对话偏好提取器从用户对话中自动识别偏好、约束、风格等信息,支持中英文关键词矩阵。
pkg/memory/dialog/
├── extractor.go # 关键词提取器
├── keywords_zh.go # 中文关键词矩阵
└── keywords_en.go # 英文关键词矩阵
type PreferenceCategory string
const (
CategoryPreference PreferenceCategory = "preference" // 一般偏好
CategoryConstraint PreferenceCategory = "constraint" // 约束条件
CategoryStyle PreferenceCategory = "style" // 风格偏好
CategoryAudience PreferenceCategory = "audience" // 受众偏好
CategoryLength PreferenceCategory = "length" // 长度偏好
CategoryFormat PreferenceCategory = "format" // 格式偏好
)
// ExtractedPreference 提取的偏好
type ExtractedPreference struct {
Category PreferenceCategory // 分类
Content string // 内容(包含关键词的句子)
Keywords []string // 匹配的关键词
Confidence float64 // 置信度
Timestamp time.Time // 提取时间
}
import "github.com/astercloud/aster/pkg/memory/dialog"
// 使用默认中文关键词
extractor := dialog.NewExtractor(dialog.DefaultChineseKeywords(), nil)
// 使用写作风格关键词(扩展版)
extractor := dialog.NewExtractor(dialog.WritingStyleKeywords(), nil)
// 使用英文关键词
extractor := dialog.NewExtractor(dialog.DefaultEnglishKeywords(), nil)
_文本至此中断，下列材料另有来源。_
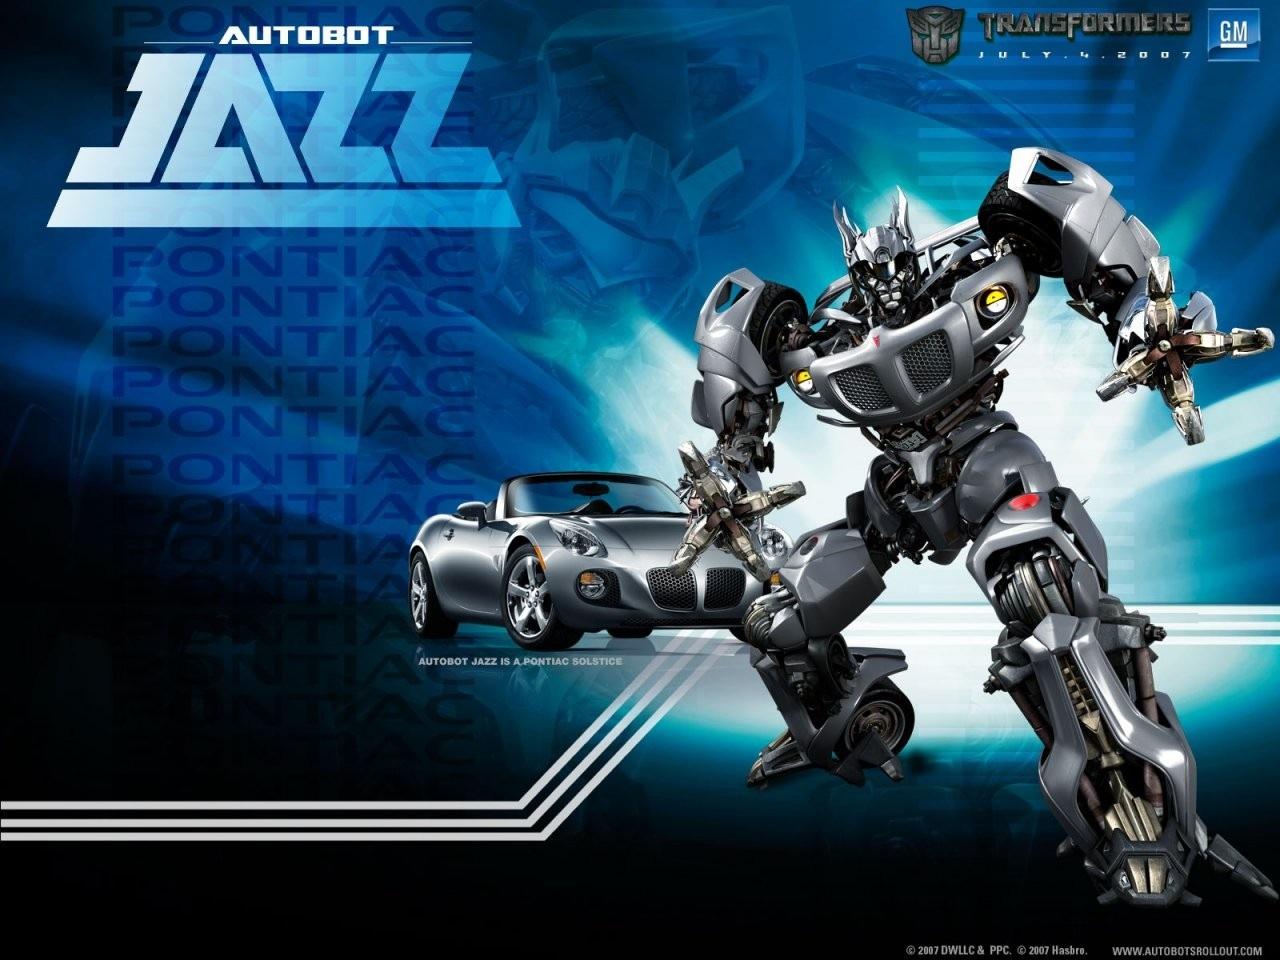 http://3.bp.blogspot.com/_7vkto5knRls/THEzvj8dyoI/AAAAAAAACr0/komKKxq9xVw/s1600/transformers2_jazz_wallpaper_3.jpg

message := "我想要轻松一点的风格,字数控制在2000字以内,不要使用网络流行语"
preferences := extractor.Extract(message)
for _, pref := range preferences {
fmt.Printf("[%s] %s (置信度: %.2f)\n",
pref.Category, pref.Content, pref.Confidence)
}
// 输出:
// [preference] 我想要轻松一点的风格 (置信度: 0.60)
// [length] 字数控制在2000字以内 (置信度: 0.60)
// [constraint] 不要使用网络流行语 (置信度: 0.80)
// 检查消息是否包含偏好关键词
if extractor.HasPreferenceKeyword(message) {
// 值得进一步提取
preferences := extractor.Extract(message)
}
// DefaultChineseKeywords 默认中文关键词
func DefaultChineseKeywords() KeywordMatrix {
return KeywordMatrix{
CategoryPreference: {"想要", "希望", "喜欢", "偏好", "倾向", "更喜欢", "觉得", "认为"},
CategoryConstraint: {"必须", "一定要", "不要", "禁止", "不能", "避免", "不允许", "务必"},
CategoryStyle: {"风格", "语气", "调性", "口吻", "正式", "轻松", "幽默", "严肃", "专业"},
CategoryAudience: {"读者", "受众", "目标人群", "给谁看", "用户", "客户"},
CategoryLength: {"字数", "长度", "篇幅", "简短", "简洁", "详细", "控制在"},
CategoryFormat: {"格式", "排版", "列表", "段落", "标题", "markdown"},
}
}
// WritingStyleKeywords 写作风格关键词(扩展)
func WritingStyleKeywords() KeywordMatrix {
// 基于 DefaultChineseKeywords 扩展
// 添加: 文风、笔触、叙述方式、第一人称、第三人称、主题、题材、重点等
}
// ContentPlatformKeywords 内容平台关键词
func ContentPlatformKeywords() KeywordMatrix {
// 添加平台: 微信、公众号、小红书、抖音、知乎、微博、B站等
}
// DefaultEnglishKeywords 默认英文关键词
func DefaultEnglishKeywords() KeywordMatrix {
return KeywordMatrix{
CategoryPreference: {"want", "prefer", "like", "hope", "wish", "would like", "I'd like"},
CategoryConstraint: {"must", "have to", "don't", "do not", "never", "avoid", "should not"},
CategoryStyle: {"style", "tone", "voice", "formal", "casual", "professional", "friendly"},
CategoryAudience: {"reader", "audience", "target", "user", "customer", "intended for"},
CategoryLength: {"words", "length", "short", "brief", "detailed", "comprehensive"},
CategoryFormat: {"format", "layout", "list", "bullet", "paragraph", "heading", "markdown"},
}
}
// TechnicalWritingKeywords 技术写作关键词
func TechnicalWritingKeywords() KeywordMatrix {
// 扩展: technical, documentation, tutorial, guide, step-by-step, code block等
}
// MarketingContentKeywords 营销内容关键词
func MarketingContentKeywords() KeywordMatrix {
// 扩展: persuasive, engaging, call to action, benefits, prospect等
}
extractor := dialog.NewExtractor(nil, nil)
// 设置完整的关键词矩阵
extractor.SetKeywords(dialog.KeywordMatrix{
dialog.CategoryPreference: {"want", "need", "prefer"},
dialog.CategoryConstraint: {"must", "avoid", "don't"},
})
// 向现有类别添加关键词
extractor.AddKeywords(dialog.CategoryStyle, []string{
"vintage", "modern", "minimalist",
})
config := &dialog.ExtractorConfig{
MinConfidence: 0.5, // 最低置信度(低于此值不返回)
MaxExtractLength: 200, // 最大提取长度(防止句子过长)
}
extractor := dialog.NewExtractor(keywords, config)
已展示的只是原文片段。